Comparison between on-demand dosing of dapoxetine alone and dapoxetine plus mirodenafil in patients with lifelong premature ejaculation: prospective, randomized, double-blind, placebo-controlled, multicenter study.J Sex Med. 2013 Nov; 10(11):2832-41.JS
There is partial evidence to support the use of phophodiesterase-5 inhibitor (PDE5-I) for the treatment of premature ejaculation (PE).
We compared on-demand dosing of dapoxetine alone and combined with mirodenafil in subjects with lifelong PE and without erectile dysfunction (ED).

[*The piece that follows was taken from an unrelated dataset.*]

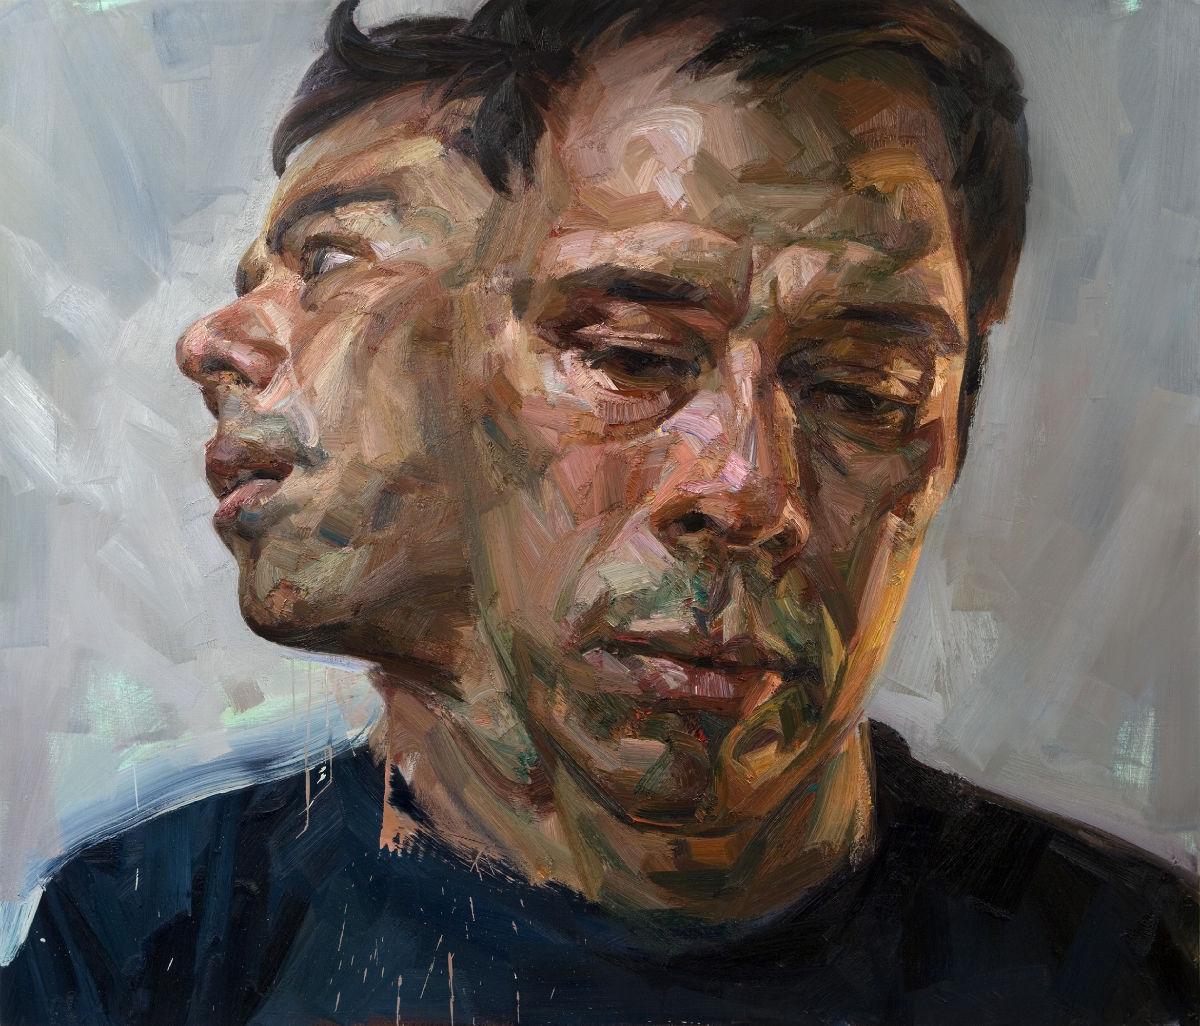 Tai Shan Schierenberg : Selfportrait as Janus  Tai Shan Schier...

Our prospective, randomized, double-blind, placebo-controlled, multicenter trial enrolled 118 subjects with lifelong PE without ED. PE was diagnosed using Diagnostic and Statistical Manual of Mental Disorders, fourth edition, text revision. Patients were divided into two groups: dapoxetine 30 mg plus placebo (group A, n=56) and dapoxetine 30 mg plus mirodenafil 50 mg (group B, n=62).
MAIN OUTCOME MEASURES
During 12 weeks, intravaginal ejaculatory latency time (IELT) and the time from foreplay to beginning intercourse (FTIT) with a stopwatch, and Premature Ejaculation Profile (PEP) were measured. Overall sexual act time (OSAT; sum of FTIT and IELT) was calculated. Any treatment-emergent adverse events (TEAEs) were also recorded.
Over 12 weeks, IELT, OSAT, and PEP index score significantly improved in group B compared with group A (increased geometric mean IELT in group A and B=3.6 and 6.1 minutes, P=0.026; increased geometric mean OSAT in group A and B=5.5 and 9.9 minutes, P=0.012; increased median PEP index score in group A and B=1.0 and 1.3, P=0.046). However, there was no significant difference between two groups with respect to improvement of FTIT (P=0.147). TEAEs did not differ between groups (all P>0.05), and there was no serious adverse event in any subjects.
Low dose of dapoxetine combined with mirodenafil showed better results in terms of IELT, OSAT, and PEP index score, and similar TEAEs, compared with that of dapoxetine only. Our results support the suggestion that the PDE5-Is have a potential role in the treatment of PE without ED.